Ingredients to a successful relationship? To love? Good sex, according to thirty-something and single Melanie Leon who cannot seem to make the leap of commitment and instead relies on the “friends with benefits” approach… until she meets police officer James Perolo in T. A. Pace’s The Opposite of Love. As witness to a tragic car accident resulting in the death of an infant, Melanie recounts the impressionable details to Perolo who follows up with a phone call offering some emotional consolation that leads to a first date.
In the wake of overcoming the toll of the accident, a relationship is on the horizon for Melanie, a real estate consultant who is no stranger to attraction and who finds herself overwhelmed with Perolo’s ability to physically satisfy her. On a racy thrill ride through Las Vegas where “what happens in Vegas stays in Vegas,” Melanie seems to send her inhibitions on a vacation. A little gentle coercing by James leads her to participate in some sexual escapades at The Green Door where she is liberated in secret, or so she believes.
As her friends and family question the validity of the recent connection she has found with James and haunting memories of her father’s death, Melanie begins to explore her own reticence over relying on a man who possesses a power over her that she cannot deny or refute, especially in the bedroom. And despite the chemistry, there is a resonating disquietude; each harbors a poignant secret that seems to cast a shadow over their future together.
Pace’s book has Erica Jong stamped all over it in its candor of female sexuality and how it factors into the psychology of relationships. Intimate moments abound in a story that challenges the limits people can defy in discovering what love is, only to recognize it is the opposite of that.
When 37-year-old Melanie is challenged to find a mate by her overbearing mother, she finds herself in a relationship that pushes her sexual boundaries, and in a place like Sin City, that can be a precarious ride.
An homage to Erica Jong’s Any Woman’s Blues, The Opposite of Love is a psychological/sexual ride through Las Vegas and its local sex scene as experienced by two lovers who will test each other’s ability to accept them as they are, as well as their own ability to accept themselves.
Excerpt from the Book
James arrived at Melanie’s door promptly at seven-thirty wearing a suit and carrying a bouquet of flowers. Melanie opened the door in a burgundy chiffon gown that draped modestly in front and dramatically in back, with a slit up to her mid-thigh on one side. She spun in a circle, modeling for him, and he let out a low growl in sincere approval. Without a single strap holding it in place, it seemed like the dress could just slide right off of her shoulders. The thought made his dick pulse.

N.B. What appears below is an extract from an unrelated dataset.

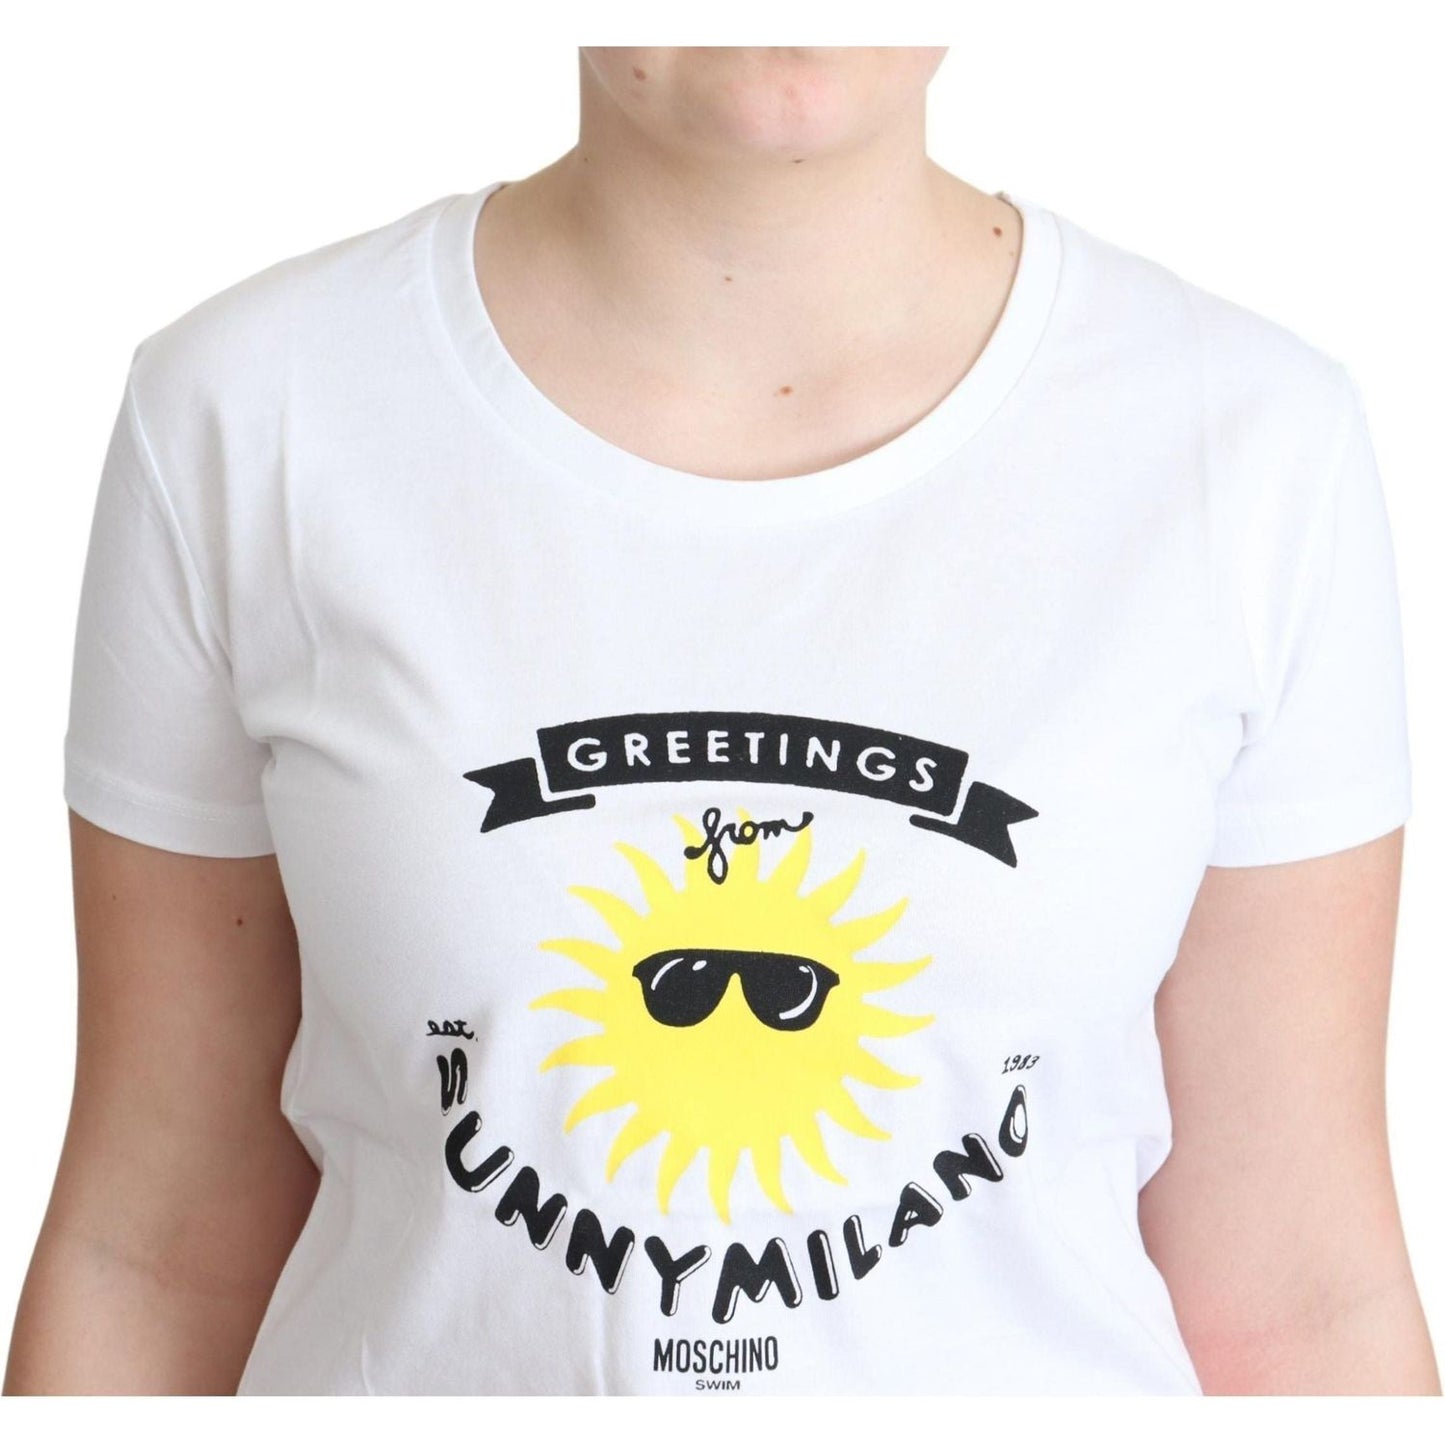 Moschino Sunny Milano Print Cotton Tee white-cotton-sunny-milano-print-t-shirt IMG_0928-scaled-b7c907c8-922.jpg

“That is some dress, babe.”
“Glad you like it,” she said. Then, nodding at the flowers, “For me?”
“Who else?” He handed them over with a kiss on the cheek.
He’d had his truck washed and waxed and when he opened the door she climbed in gracefully, her leg sliding out of the open slit in her dress, then sliding back in before he closed the door. That visual image reminded him of what he’d be doing to her later.
James didn’t always bring a date to the policemen’s ball. The last time he had was three years before and his date had worn a short, silver sequined dress with porn-star cleavage and platform heels that looked like they’d just fallen off a pole dancer. She’d had too much to drink and giggled at everything anyone said. Did she make his dick hard? Sure. But she looked like she was paid for, and that didn’t help his image with the higher-ups. Melanie was the kind of woman who could be sexy without being trashy and manage interesting conversation and drinking without being silly or embarrassing him. She was the kind of date who could help him get promoted.
It was August and monsoon season was at its worst. Almost daily, black storm clouds materialized over the valley, looming like dark ghosts, dropping an inch of rain and hundreds of lightning strikes in the matter of an hour, downing trees and power lines and causing flash floods before moving on and leaving the residents feeling vaguely assaulted. But worse, the air had become the one thing locals couldn’t tolerate: sticky. Even humidity of thirty percent was likely to have a Las Vegan mopping his forehead and complaining of swampy weather.
They valet parked, and once inside the casino, they were safe. No matter the weather outside, the air-conditioned wombs of the casinos were always mild and dry. As they crossed the casino floor heading toward the banquet hall, men playing blackjack and craps twisted their heads around and leaned back from their tables to get a look at Melanie. With her high heels she was still about two inches shorter than James, but the way she held herself made her appear statuesque. She didn’t have bombshell curves, but her femininity was palpable and what curves she had were classy. She held her head high and kept her arm threaded through his as they walked. James tried to remember ever feeling so proud to have a woman on his arm, and couldn’t. The thought made him a little nervous, but more than anything, he felt like the man. His colleagues would be insane with jealousy and insatiable with questions.